_Exercise description:_ Reproduce the listing that follows word for word, without its pictures.

_Dataset extract:_
+ + + + + + +

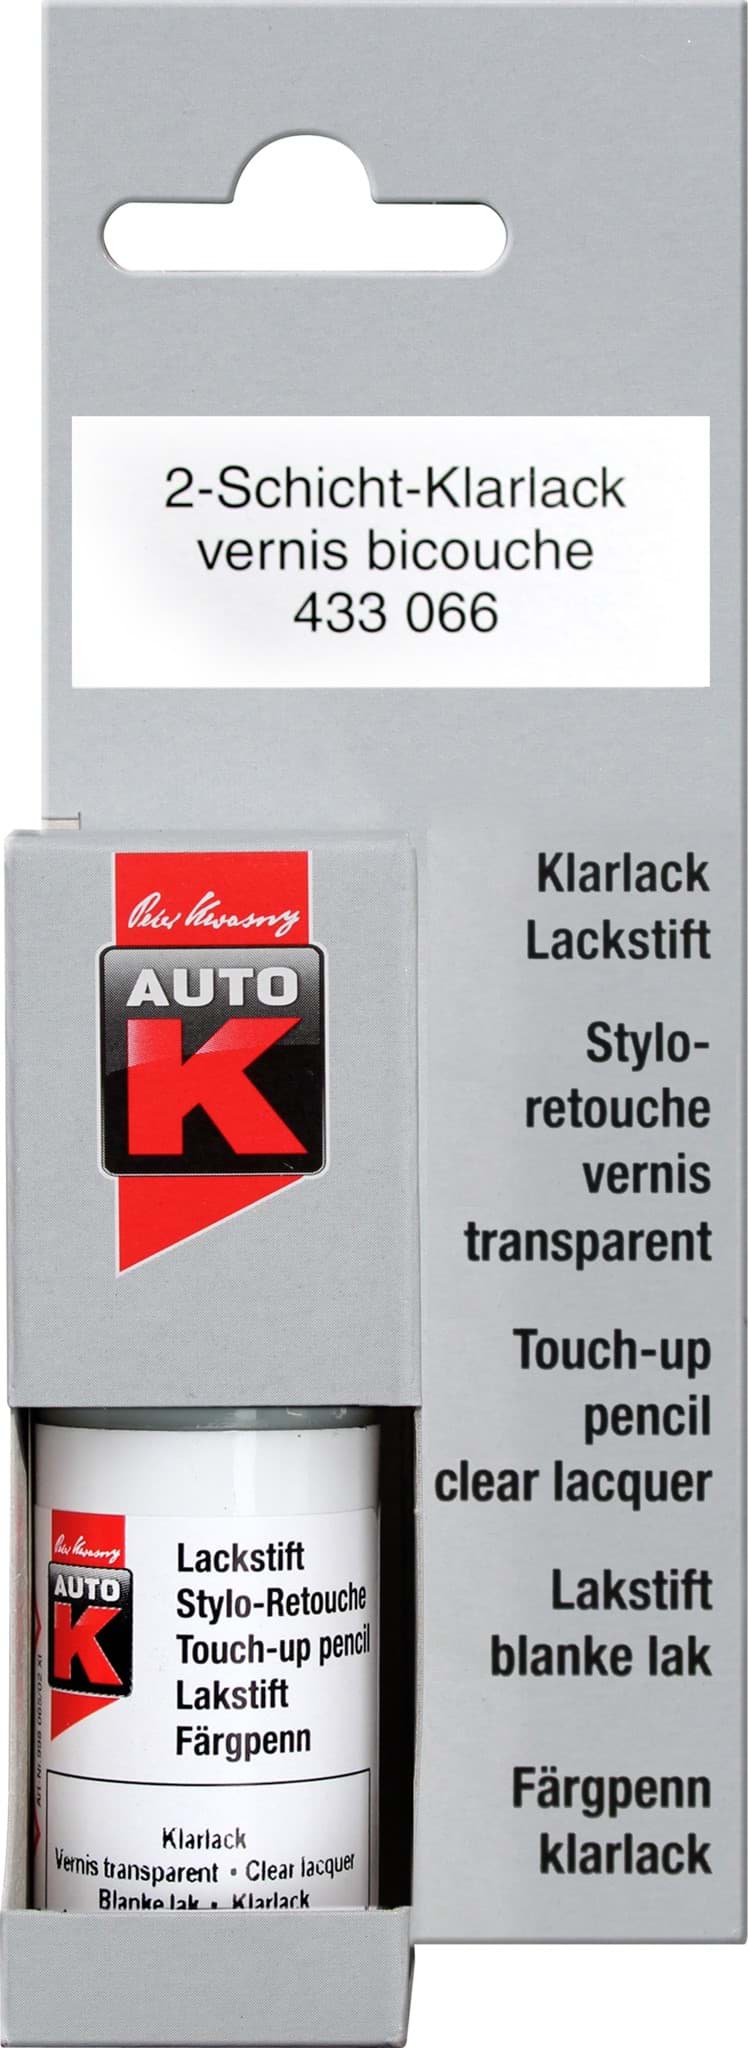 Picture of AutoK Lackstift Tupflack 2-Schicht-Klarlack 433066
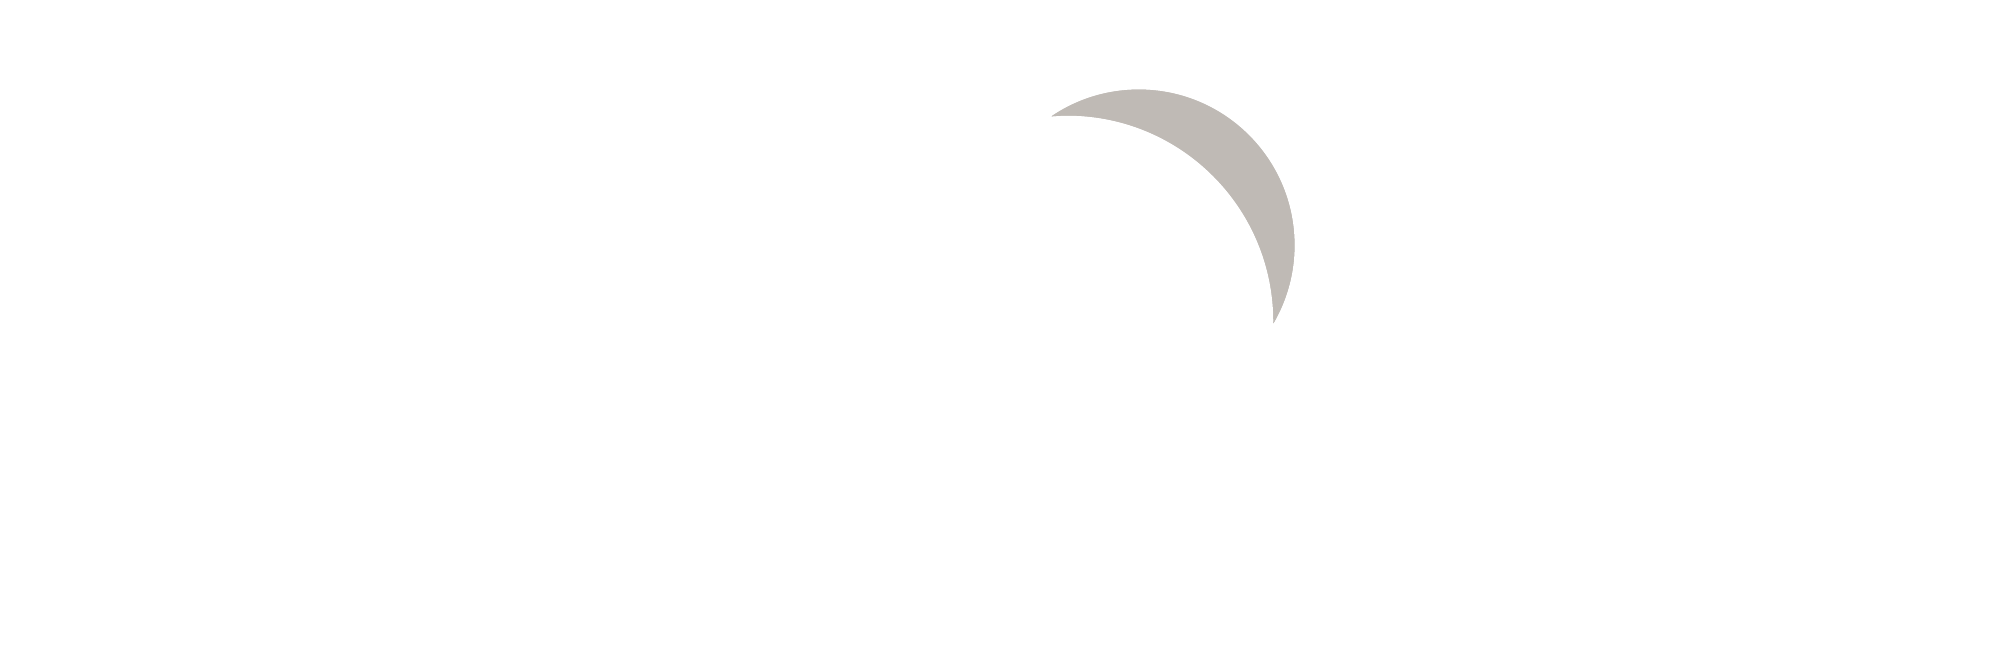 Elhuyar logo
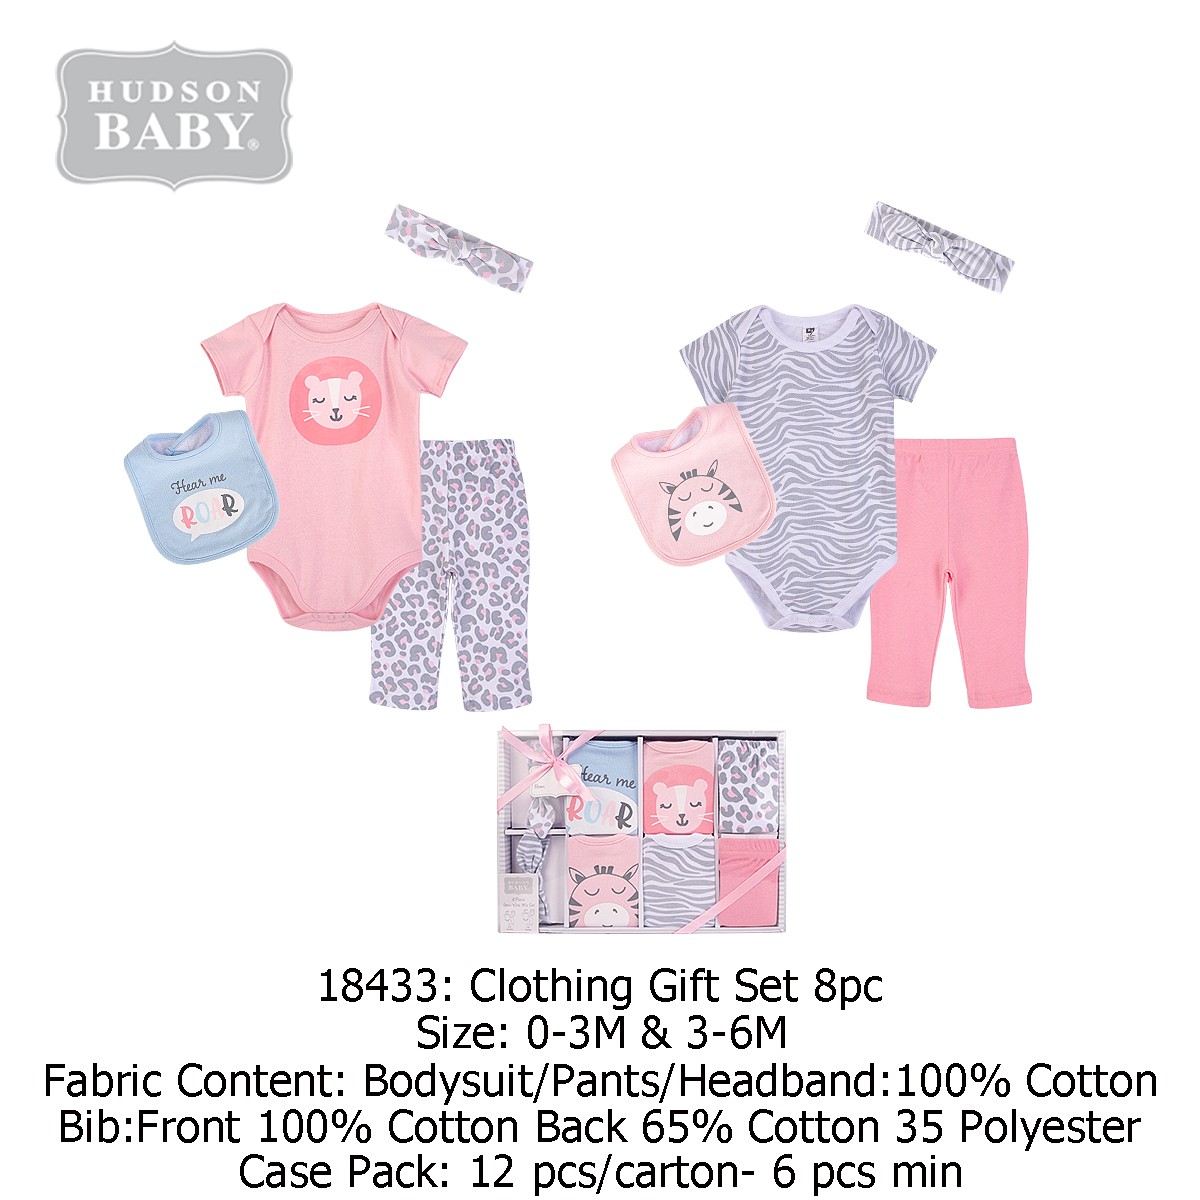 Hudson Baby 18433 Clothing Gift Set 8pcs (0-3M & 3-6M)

+ + + + + + +

_Solution to the problem:_
 Picture of AutoK Lackstift Tupflack 2-Schicht-Klarlack 433066
 Elhuyar logo
 Hudson Baby 18433 Clothing Gift Set 8pcs (0-3M & 3-6M)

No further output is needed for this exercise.